Since you are a writer, and you and I have a little relationship around your writing, although in no way to dismiss your sorrow, I will tell you that you end this post perfectly, the lack of language/structure being it exactly.

I am so sorry for your loss. And send you hugs and kisses on the top of your head.

esb said...

Yes, the ending is perfect.


And I keep wanting to respond with "Throw it in the river."

<3 <3 <3

Anonymous said...

MDF said...
http://dish.andrewsullivan.com/2013/07/06/faces-of-the-day-69/

Anonymous said...

Jacob said:

You honor Chuck's memory with this. A good cat.

Liz Rose Bowman said...

the ending note of -If they don't use his real name he won't be able to Really die- was really heartbreaking and really identifiable and just so fucking beautifully human.

Rachel said...

Oh, Lauren, my dear friend.
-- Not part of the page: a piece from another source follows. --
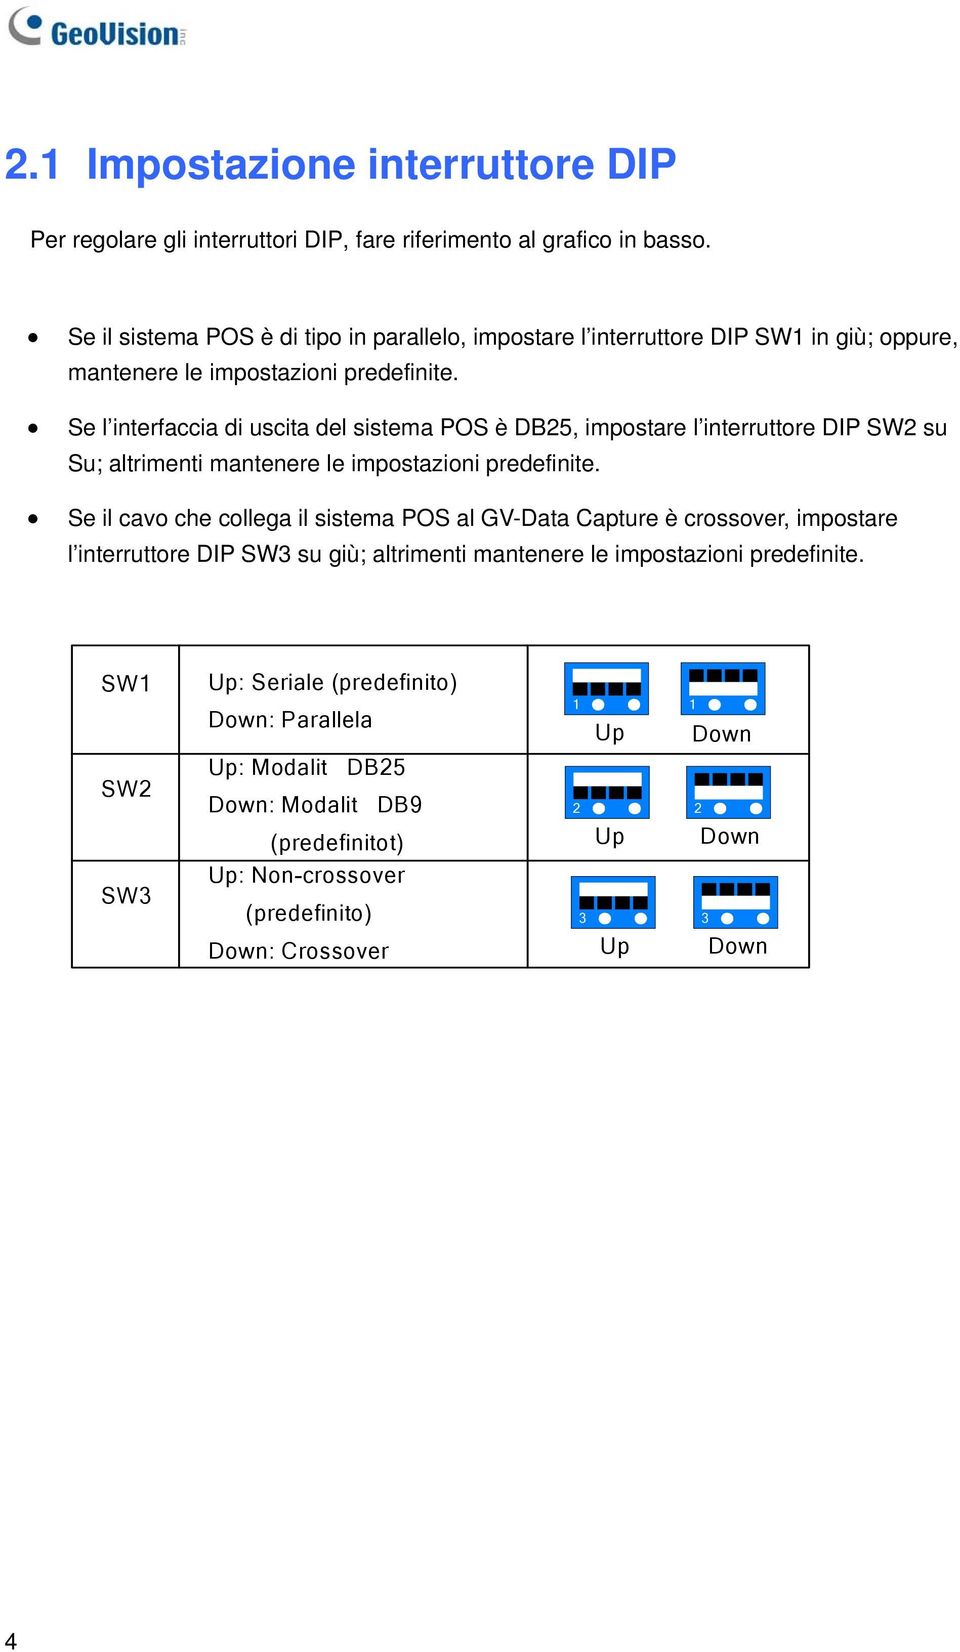 Se l interfaccia di uscita del sistema POS è DB25, impostare l interruttore DIP SW2 su Su; altrimenti mantenere le impostazioni predefinite.

I hate that this happened.

Amanda said...

I am so sorry, my gal. I am so, so sorry.

For what it's worth, I think Milton would tell you to throw it in the river.

17 beats. said...

thank you.

17 beats. said...

i have just read this for the third time. your writing about Chuck is not only beautiful but tremendously helpful and healing for ME. i hope it brought you the strength you were seeking. much love.

Celia said...

geez, lady, i am so sorry. i have to be honest... i couldn't read most of this because the lump in my throat was getting to be too painful, but i read everything that counts. what a lucky Chuck to have a mama like you.